The cells are Gram-positive, sporulating and rod-shaped bacilli with a diameter of 0.5 μm. Colonies are translucent and 10 mm in diameter on 5% sheep's blood–enriched Columbia agar (bioMérieux) and are catalase positive and oxidase negative. Positive reactions are observed for esterase (C4), esterase lipase (C8), leucine arylamidase, valine arylamidase, cystine arylamidase, α-chymotrypsin, acid phosphatase, naphtol-AS-BI-phosphohydrolase, α-galactosidase and β-galactosidase. Negative reactions are observed for lipase (C14), trypsin, nitrate reduction, alkaline phosphatase, β-glucuronidase, α-glucosidase, β-glucosidase, α-fucosidase, α-mannosidase and N-acetyl-β-glucosaminidase.

Cells are susceptible to vancomycin, rifampicin, doxycycline, erythromycin, amoxicillin, nitroflurantoin, ciprofloxacin, ceftriaxone, penicillin G, gentamicin and imipenem but resistant to trimethoprim/sulfamethoxazole and metronidazole.
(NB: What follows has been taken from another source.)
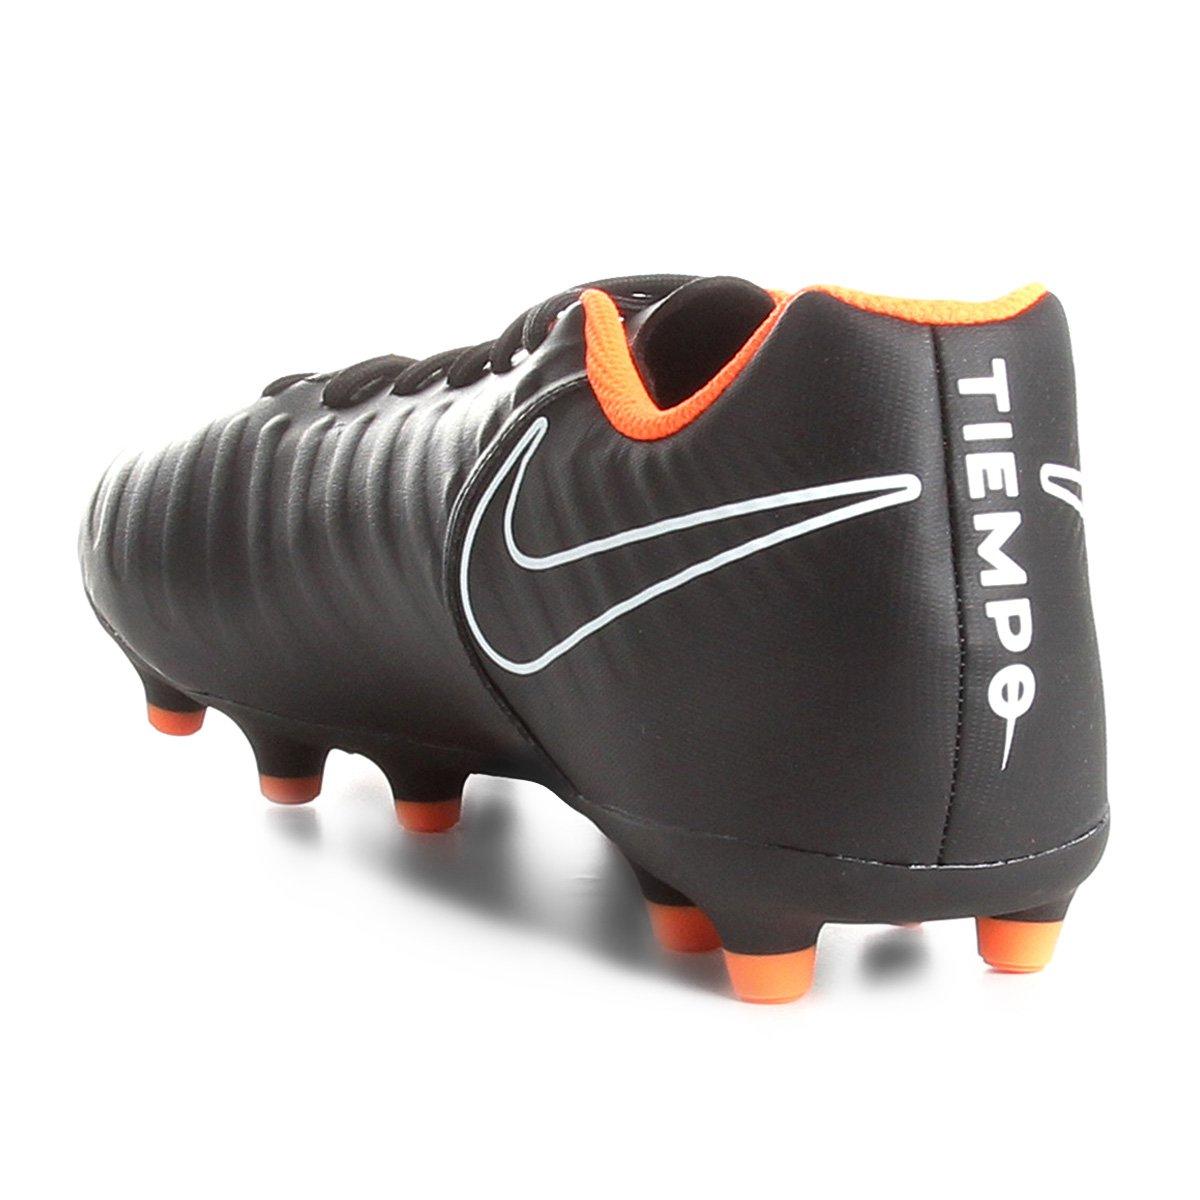 Chuteira Campo Nike Tiempo Legend 7 Club FG - Preto e Laranja ... 8616ba7b1da7f

The G+C content of the genome is 40.0%. The 16S rRNA gene sequence and whole-genome shotgun sequence of B. rubiinfantis strain mt2T are deposited in GenBank under accession numbers LK021113 and CCFE01000000, respectively. The type strain mt2T (= CSUR P1141 = DSM 28615) was isolated from the stool of a child living in Niamey, Niger, with kwashiorkor.